A significant proportion of patients experience dermatological reactions to the transdermal delivery device. Although these mostly consist of transient erythema/itching at the site of application, which can be minimised by rotation of patch application sites, severe irritation leading to discontinuation of therapy occurs in about 2.5 to 7% of patients overall.
Otherwise, transdermal estradiol therapy is generally well tolerated, the most common systemic adverse symptoms being typical estrogenic effects, such as breast tenderness and spotting/bleeding and general effects such as fatigue, abdominal bloating and nausea, which result in discontinuation of treatment in < 4% of patients.

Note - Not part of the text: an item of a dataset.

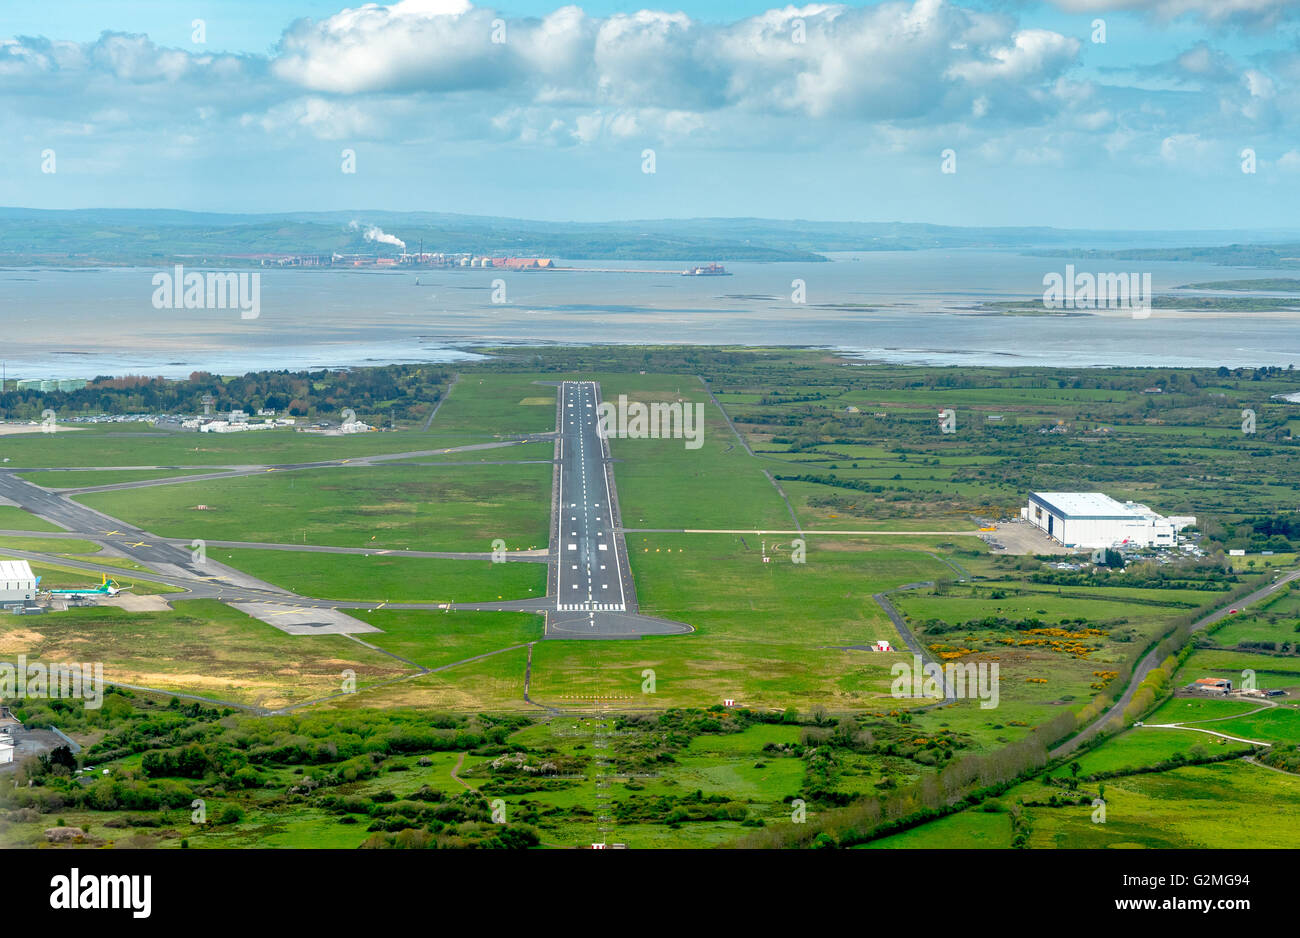 Aerial view, Shannon Airport, runway, Shannon, Ballycasey, COUNTY CLARE, Clare, Ireland, Europe airport, aerial, birds-eyes view Stock Photo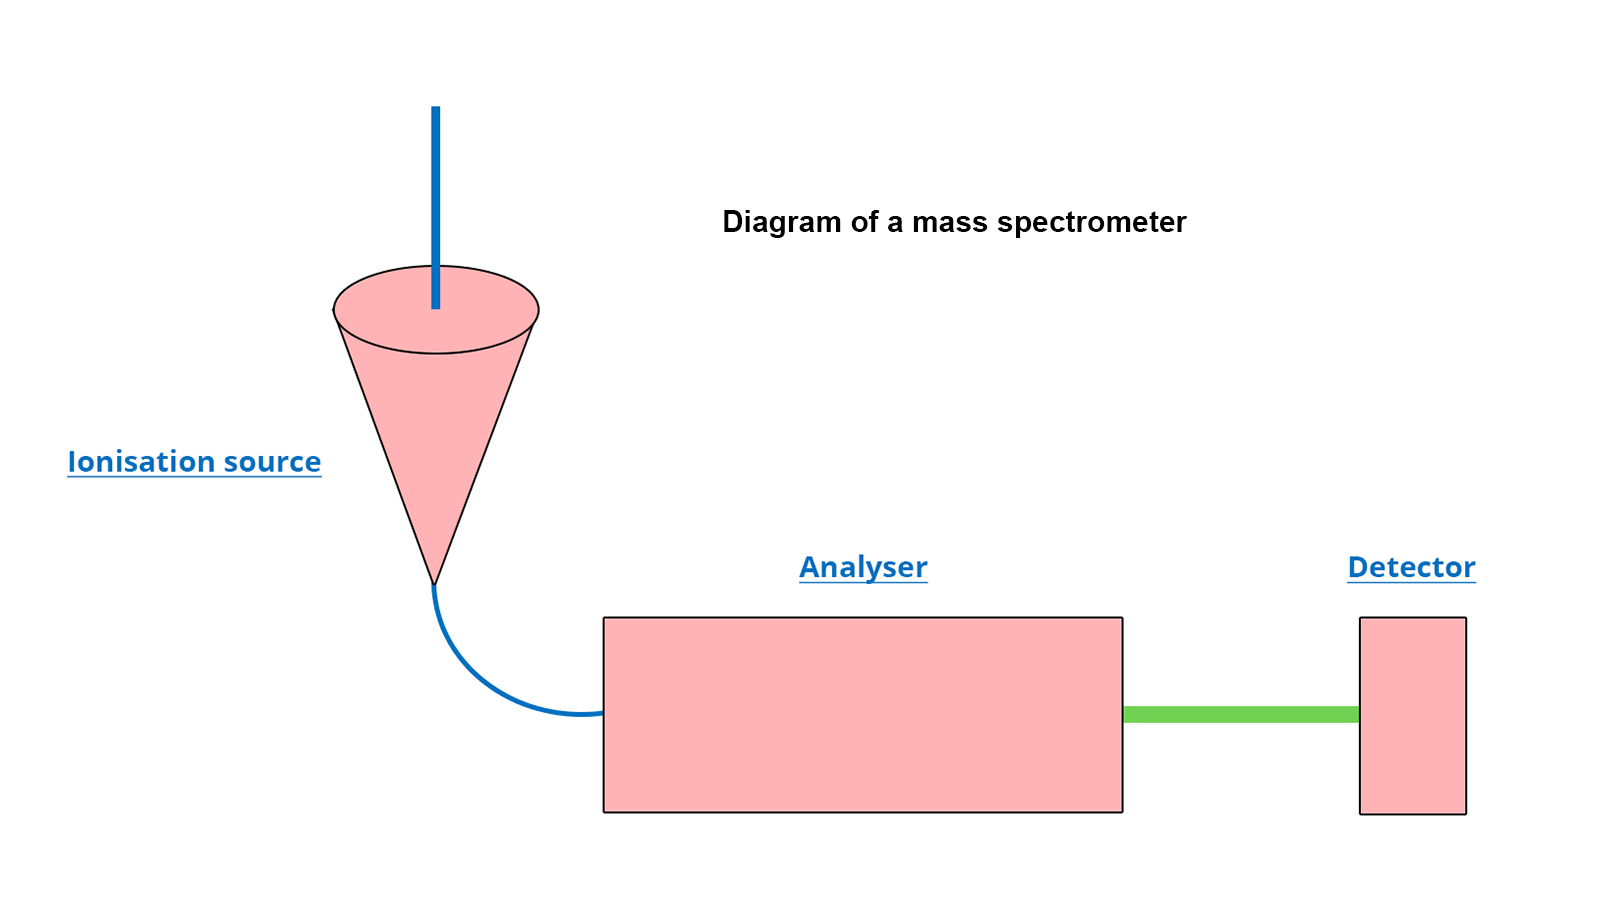 General diagram of a mass spectrometer. On the left a cone representing the ionization source. At the tip of the cone is a blue line going to a rectangle representing the analyzer. Finally, to the right of the analyzer is a green line connecting it to another rectangle, the detector.

Estrogenic stimulation of the endometrium occurs with transdermal estradiol therapy and coadministration of a sequential progestagen (which may also produce a more acceptable bleeding pattern) is therefore recommended for patients with an intact uterus in order to minimise endometrial proliferation.
Unlike oral estrogens, transdermal estradiol does not stimulate hepatic metabolism and consequently plasma concentrations of renin substrate, sex hormone-, thyroxine- and cortisol-binding globulins and clotting factors are not elevated.
It has been suggested that transdermal estradiol might be associated with a lower incidence of adverse effects than oral estrogen replacement therapies because of the lower circulating estrogen concentrations involved and the lack of untoward effects on liver metabolism. However, this has not been confirmed in comparative studies to date; generally, adverse effects have been comparable in patients receiving transdermal estradiol and those receiving oral or injectable estrogens.
Dosage and Administration
The recommended initial dosage of transdermal estradiol for the treatment of menopausal symptoms is 0.05mg daily, which may be increased in cases of inadequate response after 2 to 3 weeks’ treatment, or decreased if breast discomfort or breakthrough bleeding occur. For maintenance therapy the lowest effective dose should be used. Treatment may be continuous or may be given in 4-week cycles (3 weeks on/1 off). Sequential progestagen treatment should be administered for 10 to 12 days per month to patients with an intact uterus.
The transdermal estradiol delivery system should be changed twice weekly. Contraindications to the use of estradiol include carcinoma of the breast or endometrium, leiomyoma of the uterus, endometriosis, vaginal bleeding of unknown origin, severe renal, hepatic, or cardiac disease and active or previous thromboembolic disease.